Типы переосмылений очень разнообразны. Особенно часты замены ма­лопонятных писцу слов сходными по звучанию понятными: ем. «на стогнах» (т. е. на площадях) — «на стенах»; «рыдель» (рыцарь) — «рыдатель»; «зьрно горюшно» (или «горушно» — горчичное) — «зьрно горошно»; «иконому» — «и ко оному» и т. д. В «Повести о Басарге» в основных ее списках говорится «и бысть голка (шум, мятеж. — Д. Л.) велика». В одном же из списков это место переделано так: «бысть же во дворце голкъ (горшок. — Д. Л.) вели­кий»1.

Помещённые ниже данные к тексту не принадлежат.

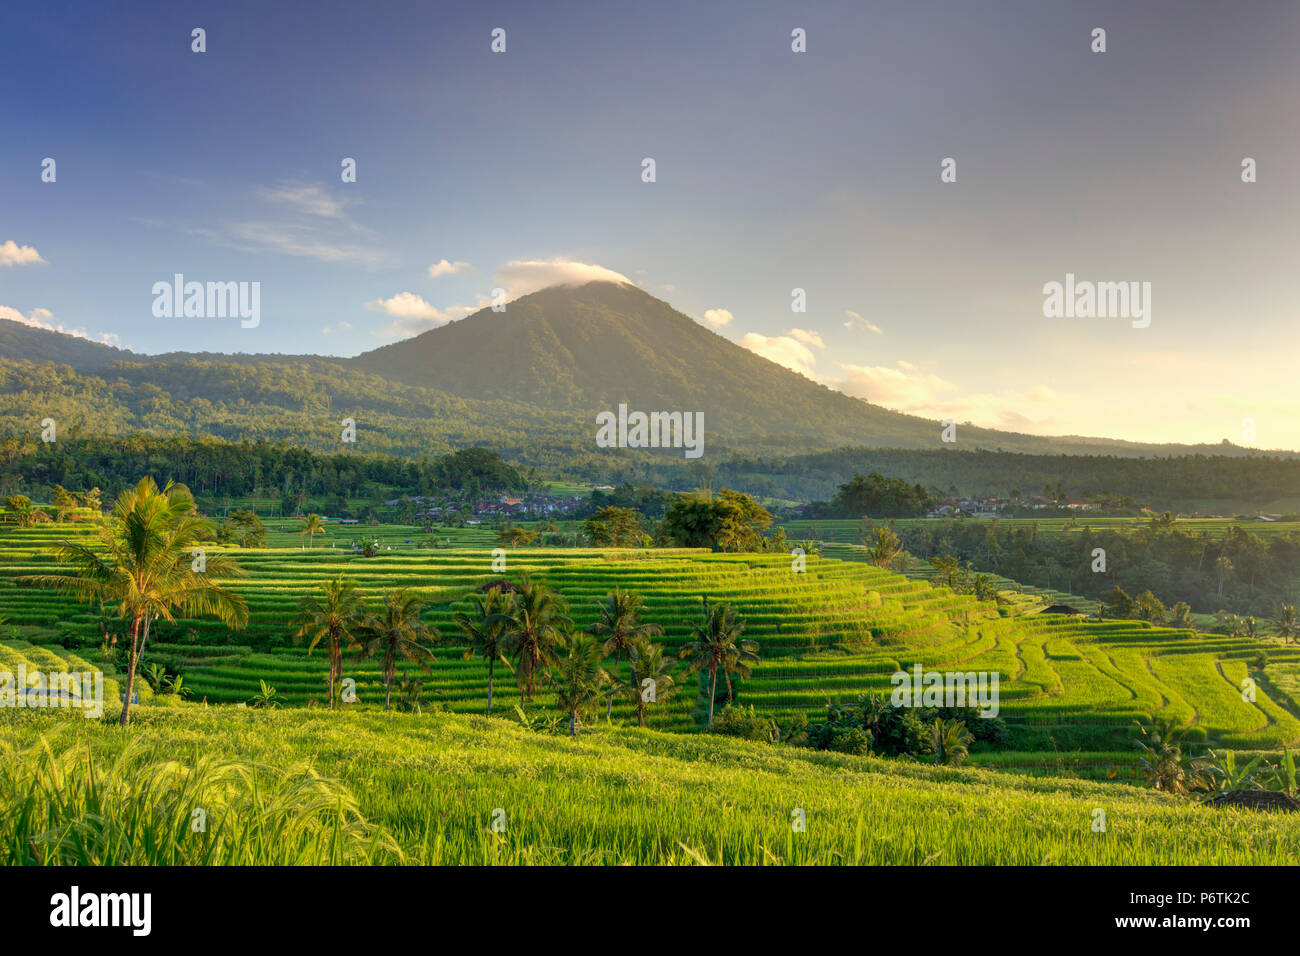 Indonesia, Bali, centrale Monti, Jatiluwih campi di riso (Sito UNESCO) con Mt. Pohen in background Foto Stock

Нередко писец принимал малознакомые ему старые или церковносла­вянские слова за неправильно написанные новые. Так, вместо «слы» (по­слы) он ставил «слуги», вместо «ипаты и тироны» — «тироны и попы», а дальше даже добавлял для полноты — «и дияконы». Иногда писцы в порядке осмысления непонятного слова прибегали к «народной этимологии», напри­мер вм. «невегласы» — «невсьгласы»2.

На переосмысление текста и замену непонятного слова другим может навести случайное соседство со словом, сочетание с которым может ока­заться более привычным. Так, в одном Евангелии XV в. вместо текста: «Аще просит яйца, еда подасть ему скорпию» (т. е. скорпиона, Лук. II, 12). написа­но: «Аще просит яйца, еда подасть ему скорълупию»3.

Еще более разительный пример находим в Ипатьевской летописи. Здесь в основном Ипатьевском списке под 1190 г. читаем: «...и хотеша пустити на вороп (набег. — Д. Л.) по земле и яша язык во Воротцех»4. Однако более правильное чтение находим в Ермолаевском списке. Там сказано: «во вороп-uex», т. е. в набегах. Составитель Ипатьевского списка не понял этого слова и превратил его в географическое название.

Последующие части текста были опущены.